Единичные свидетельства в этнологии не просто допустимы, а воспринимаются как особо
ценные - по-видимому, в той мере, в какой она остается
исследованием культуры, т.е. знакового мира, а не только его социальной
репрезентации (проекции).
Такое
последовательное и направленное
использование единичных свидетельств должно быть связано со спецификой самой
сферы познания, и, следовательно,
требует не столько огульной критики, сколько внимательной рефлексии. Можно
отметить, по крайней мере, три основания для их использования: традиционный
интерес антропологии, во-первых, к
разнообразию и варьированию; во-вторых, к
проблеме культурной динамики,
в-третьих, к скрытым, невербальным и зачастую неосознаваемым элементам общественной жизни и культуры.
Антропология
и этнология в особенности традиционно фокусируют внимание на разнообразии
культурных и общественных форм, они и сформировались как науки о разнообразии, выросли из описаний Другого. Отсюда меньшая, по сравнению с социологией,
заинтересованность в генерализации результатов. Ценно каждое свидетельство,
поскольку оно может обнаружить новые параметры различий и отодвинуть границы
варьирования (как открытие одного
фрагмента в палеонтологии способно радикально отодвинуть датировки
происхождения человеческого рода). Вспомним, что требование репрезентативности
выборки (накопления множественных однотипных свидетельств) в социальных науках
связано, прежде всего, именно с обоснованием генерализации выводов.
Есть
еще одно обстоятельство, обусловившее ценность редких и единичных свидетельств.

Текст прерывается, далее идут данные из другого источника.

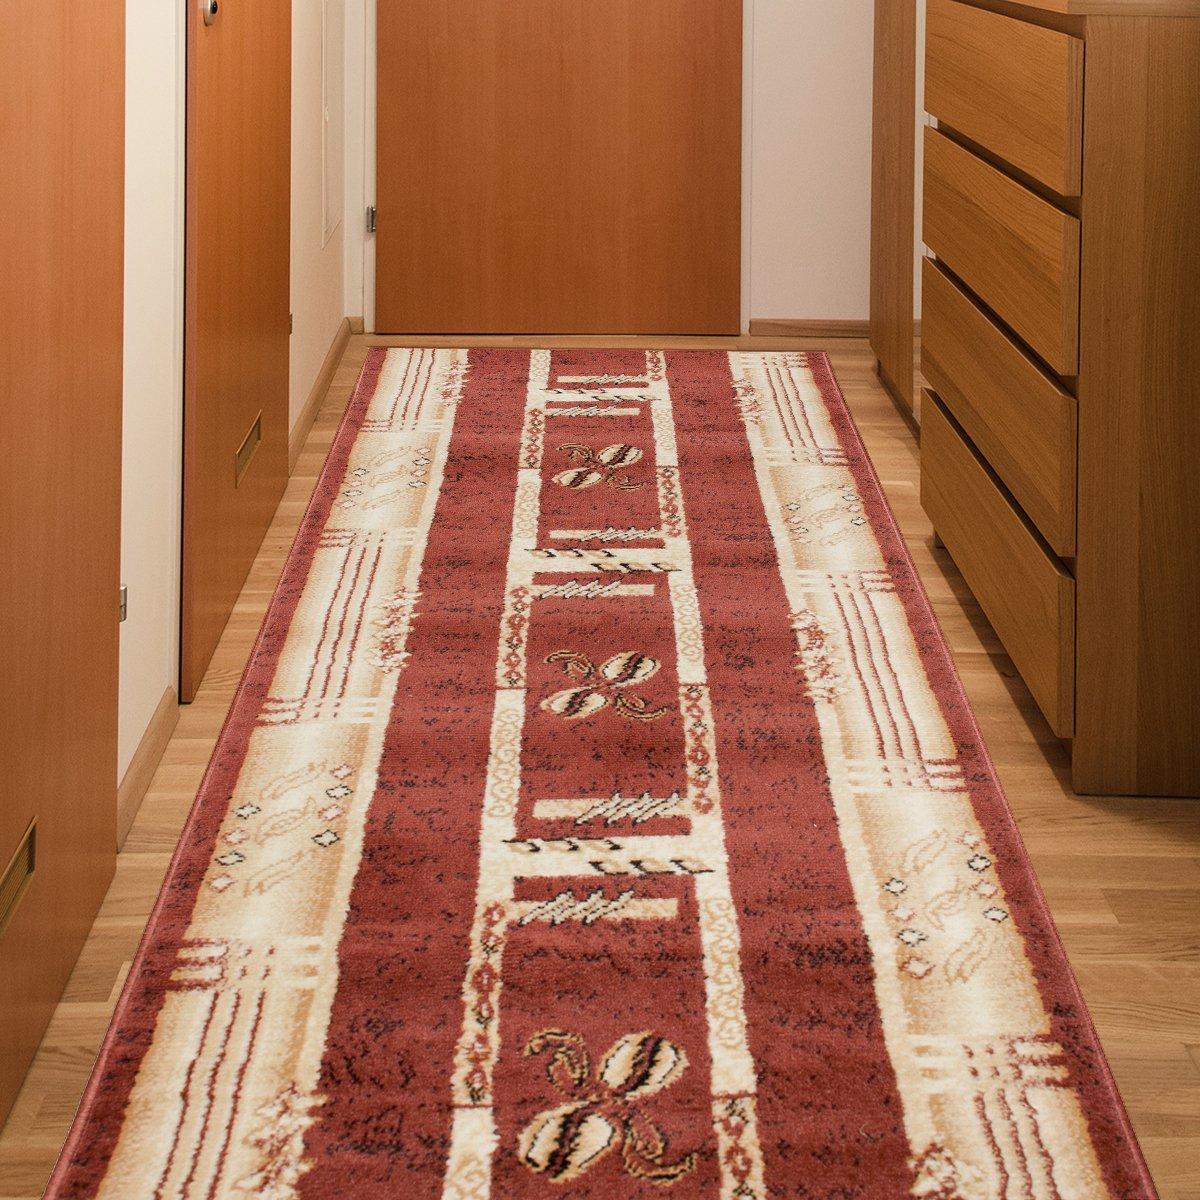 Tapiso Atlas Läufer Flur Kurzflor Teppich Küche Wohnzimmer Viereck Streifen Kaffee Retro Abstrakt Muster Braun Beige Meliert ÖKOTEX 80 x 450 cm

Исследование культуры, как знаковой матрицы социальной жизни, неизбежно реконструктивно. Надо отдавать себе отчет, что культура как
целое, вся знаковая модель мироздания,
не всегда и не целиком онтологически проявлена. Как правило, она скрыта за
занавесом материального мира или растворена в нем (вещах, действиях, ощущениях
жизни, которые кодируются и прочитываются как знаки), причем в каждый данный
момент актуальна лишь незначительная ее часть, и каждый акт использования знака высвечивает ее точечную
область или ограниченное семантическое поле. Отсюда внимание к каждому новому
свидетельству (акту считывания, актуализации того или иного знака), поскольку
оно делает вклад в реконструкцию всей предполагаемой матрицы. Отсюда же понятна
и ограниченность ценности статистического умножения наблюдений, которые
могут сказать о частоте использования того или иного сегмента, но не могут расширить представлений о целом. Что,
собственно, нужно подсчитывать, когда речь идет о знаках и символах? Число их
носителей? Но культура, как знаковая система, обычно распределена, так что
каждый член социальной системы владеет только определенными ее сегментами на
определенном уровне (среди тех, кого мы называем носителями традиции, есть
более и менее компетентные). В иерархических системах наиболее значимое знание
вообще скрыто и замкнуто в пределах небольшой элитарной группы (жрецов,
правителей, профессионалов и т.п.). Более того, культура может вообще не иметь
носителей в течение длительного времени, существуя в виде материальных
объектов, знаковых систем, никем не прочитываемых не актуализируемых на
протяжении тысячелетий и при благоприятных обстоятельствах способных вновь
развернуться уже в новой социальной среде.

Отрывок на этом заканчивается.